• _PROMPT_: An exact copy of every line from the one holding "Фото решения 3: ГДЗ" to the end of the entries below is required; leave the pictures out.

++++

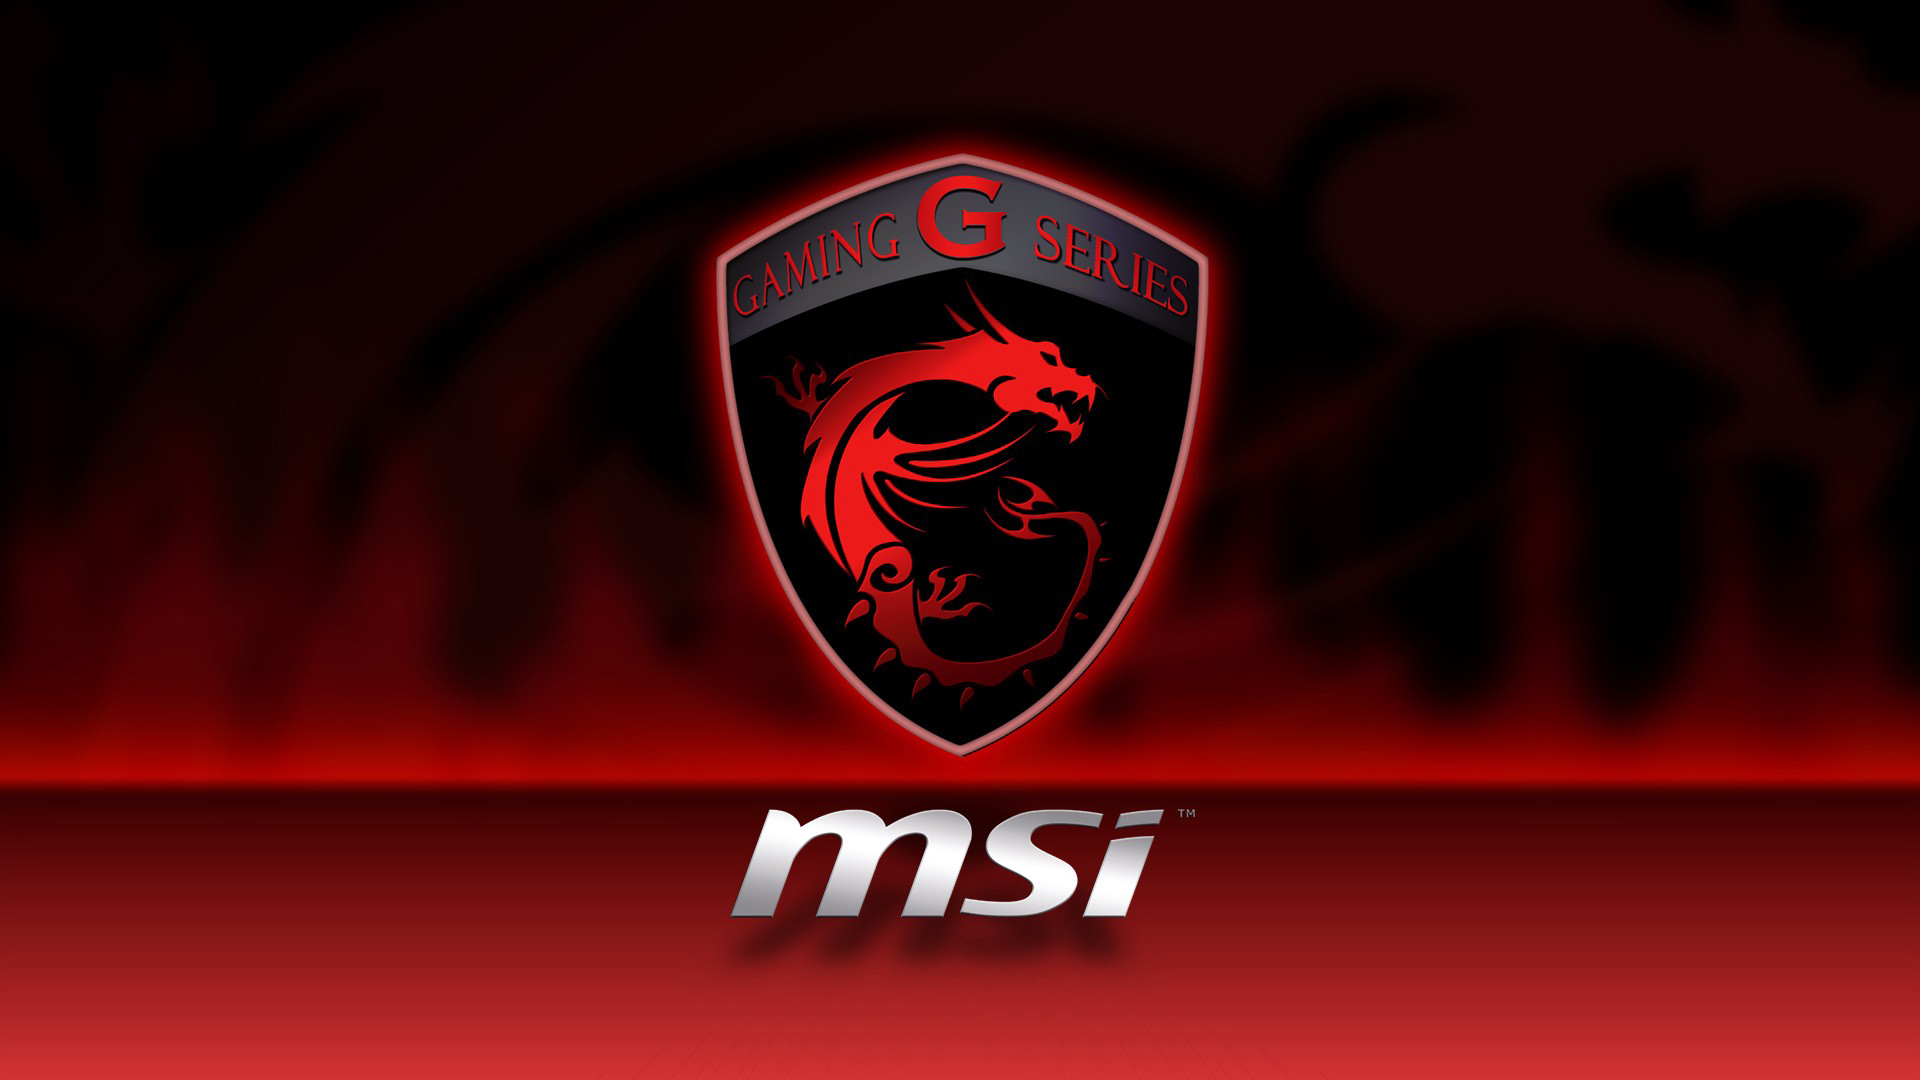 Msi Gaming Series Logo Wallpaper HD
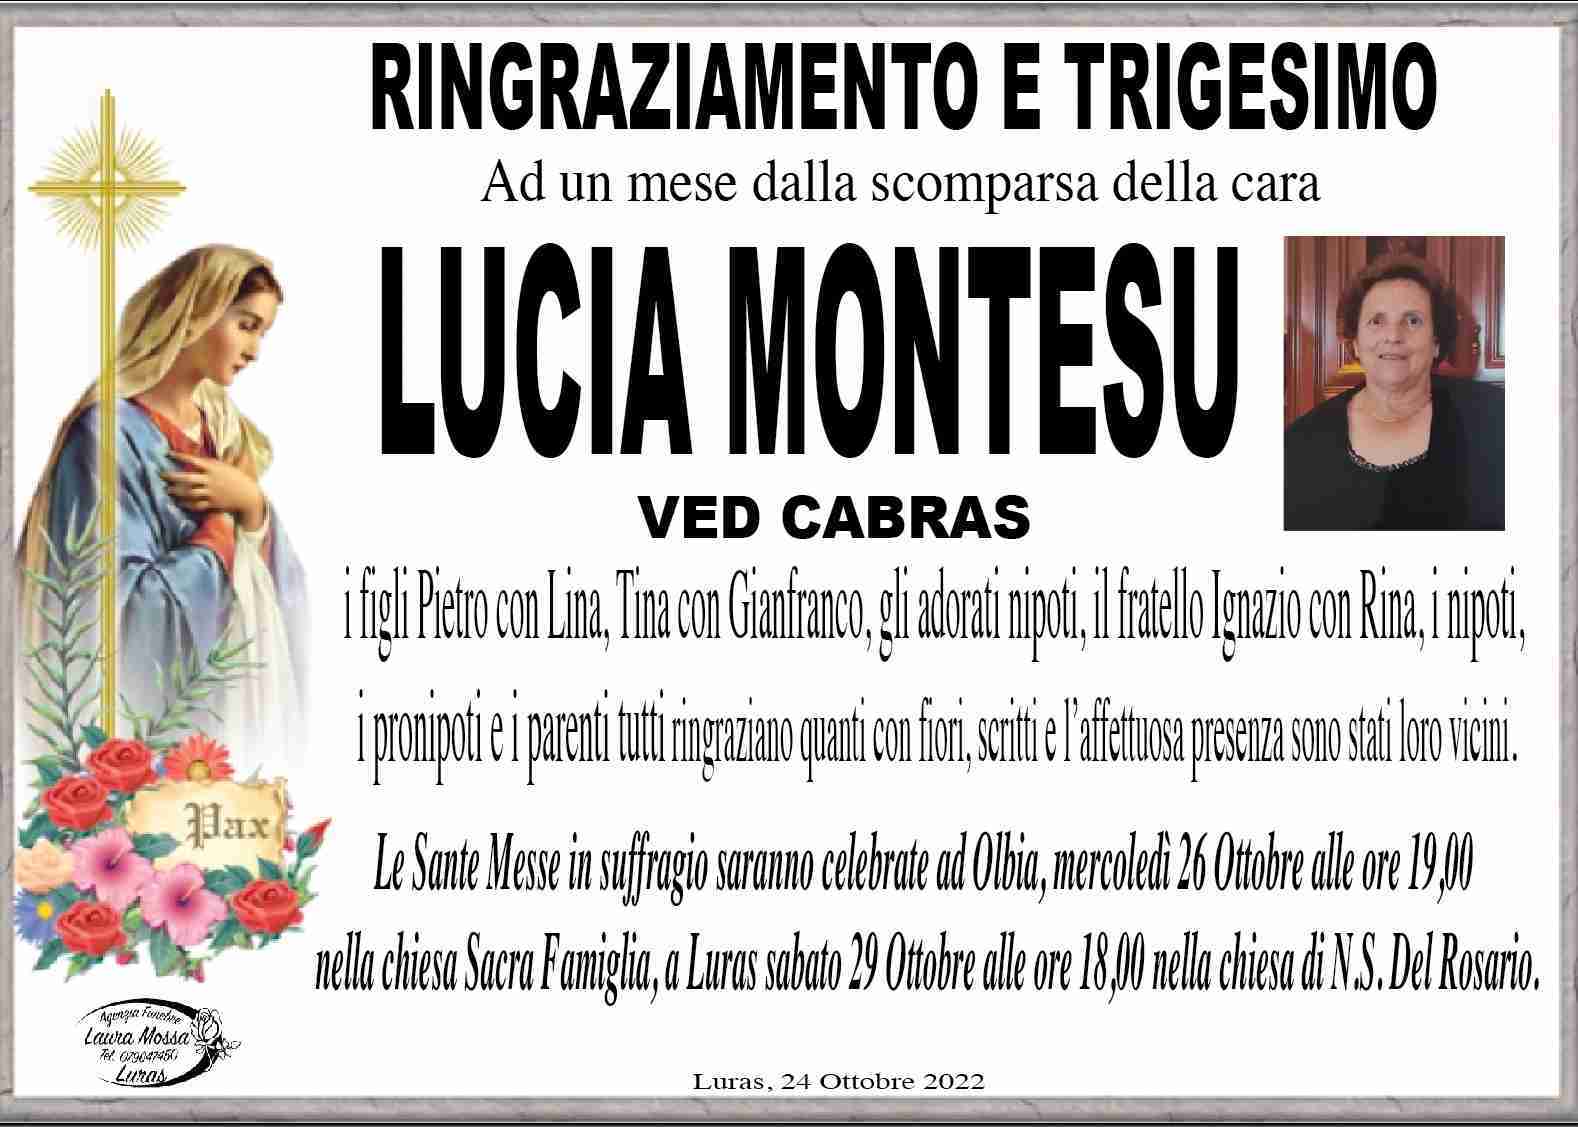 Lucia Montesu
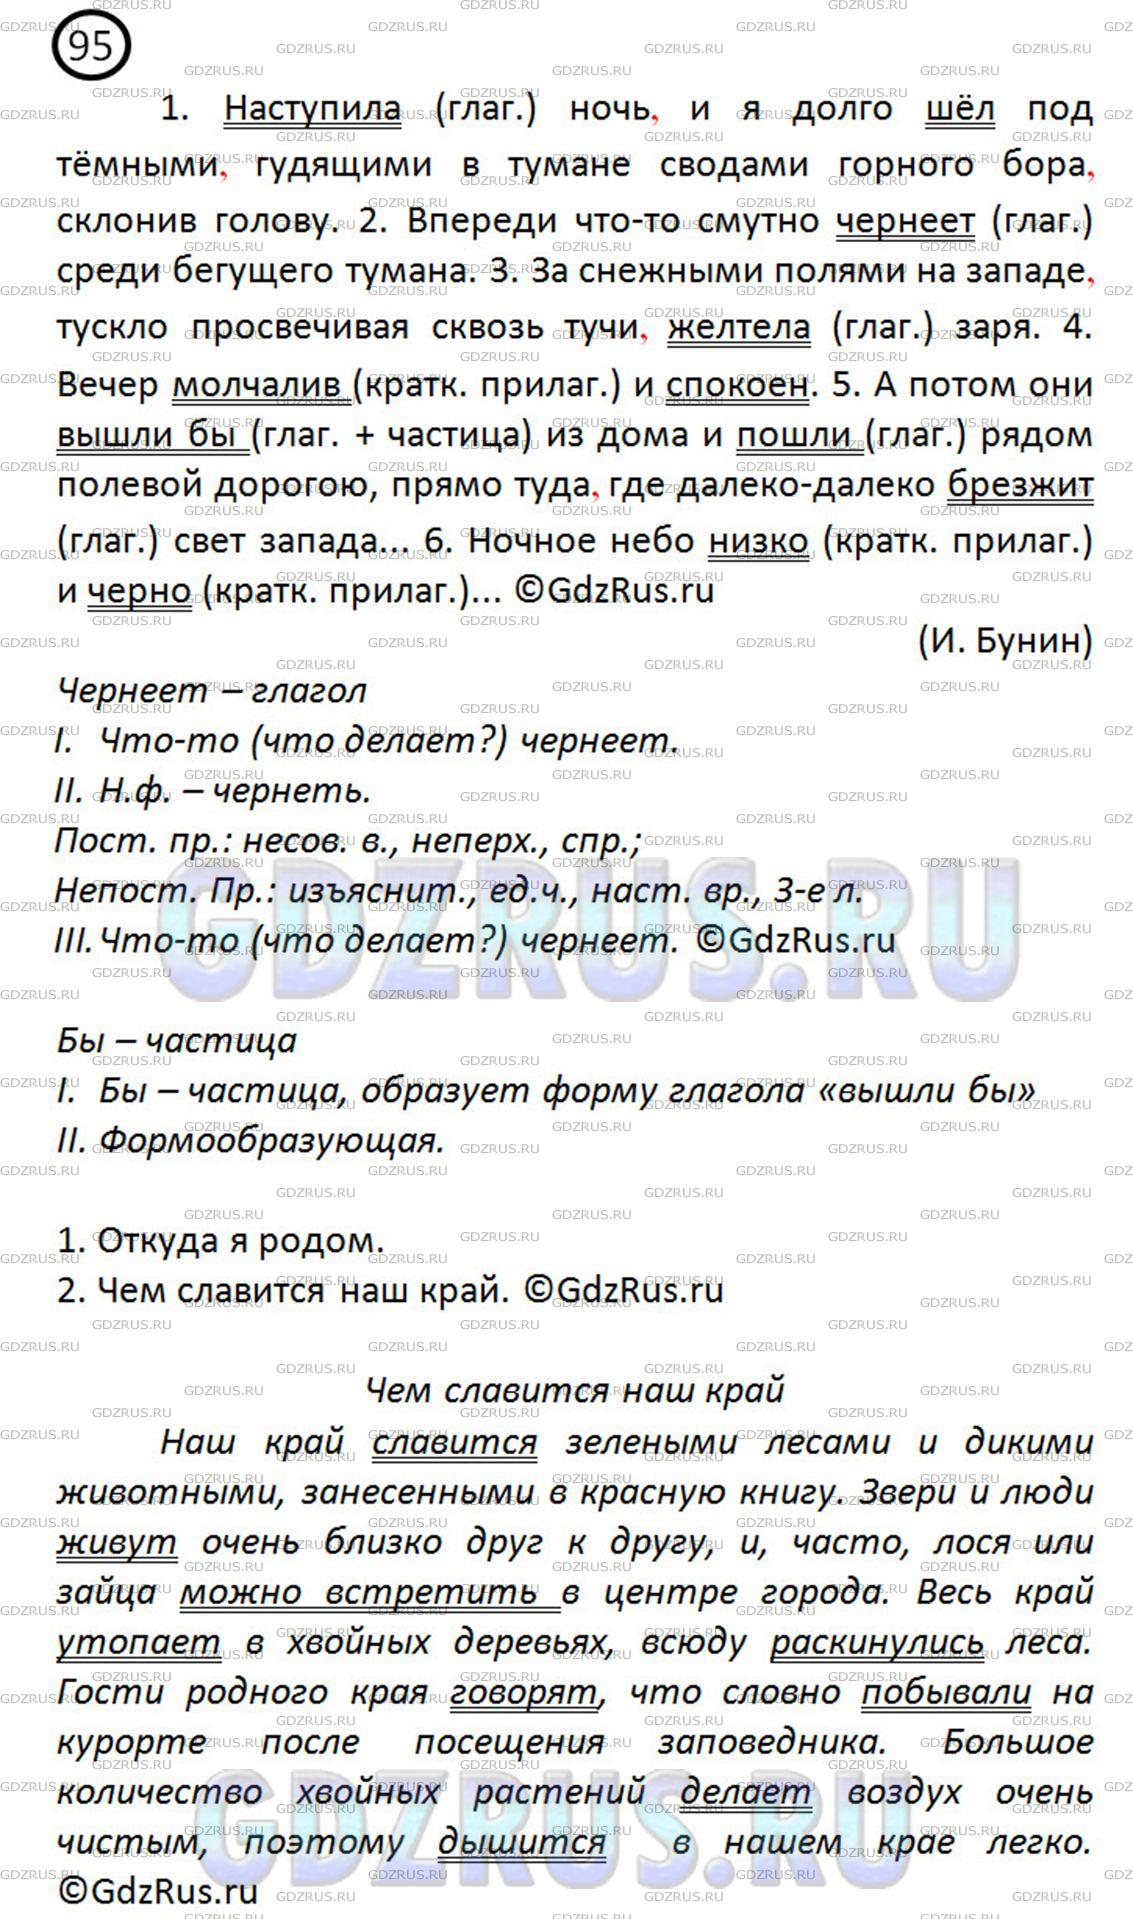 Фото решения 3: ГДЗ по Русскому языку 8 класса: Ладыженская Упр. 95
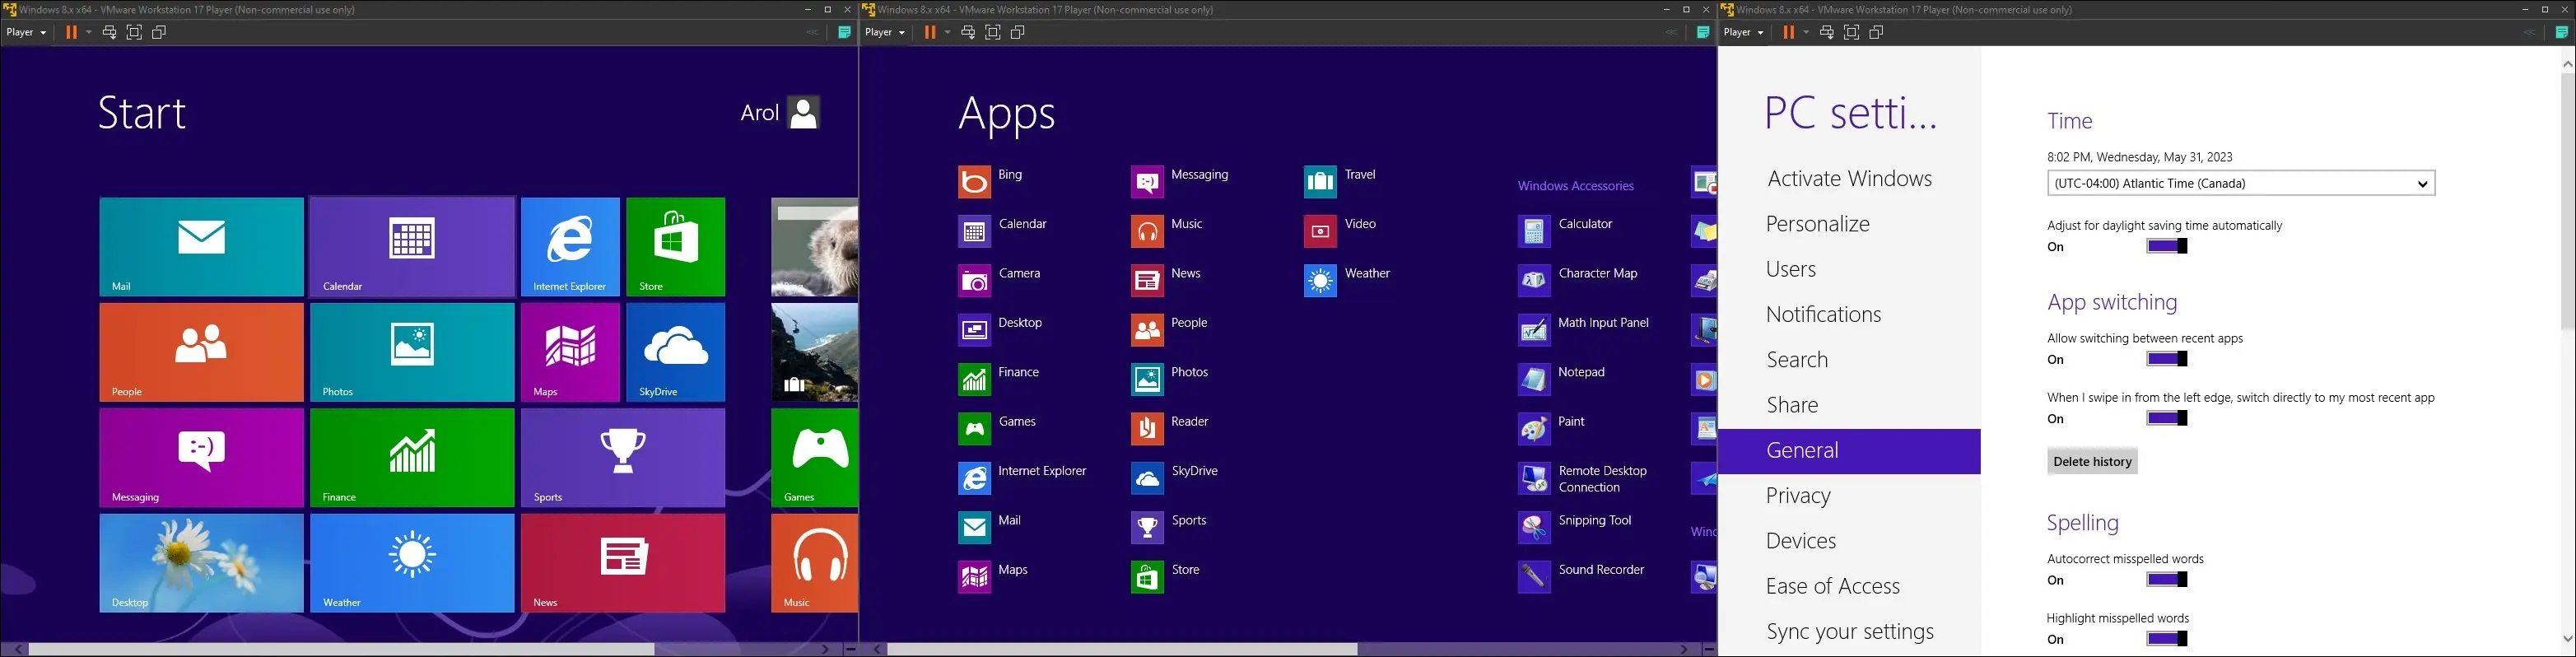 images de Windows 8 sur une machine virtuelle, montrant le menu de démarrage, le menu de toutes les applications et l'application des paramètres
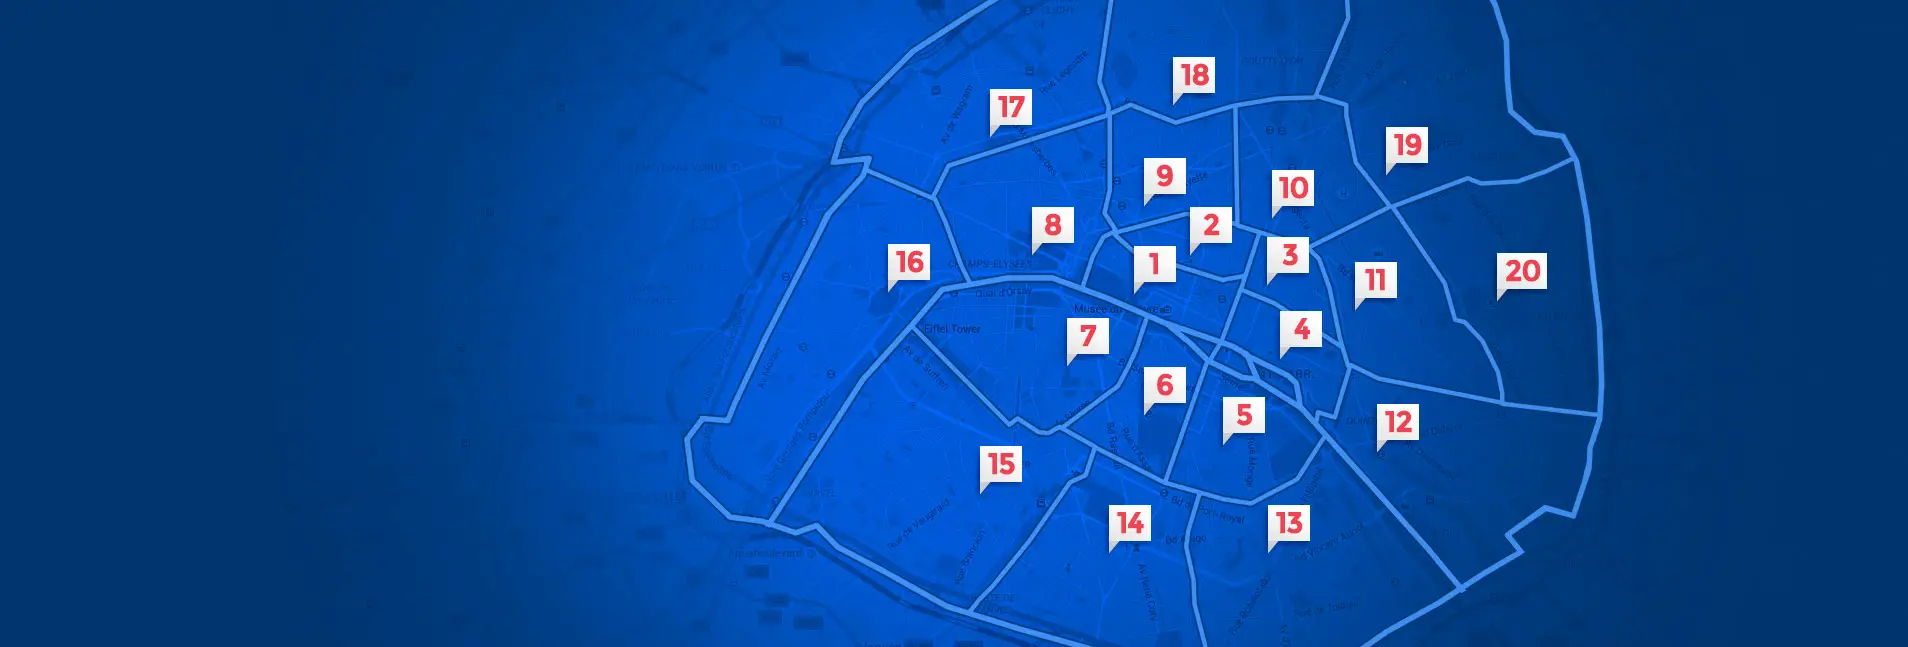 Map of Paris arrondissements

++++

• _ANSWER TO THIS PROBLEM_:
 Фото решения 3: ГДЗ по Русскому языку 8 класса: Ладыженская Упр. 95
 images de Windows 8 sur une machine virtuelle, montrant le menu de démarrage, le menu de toutes les applications et l'application des paramètres
 Map of Paris arrondissements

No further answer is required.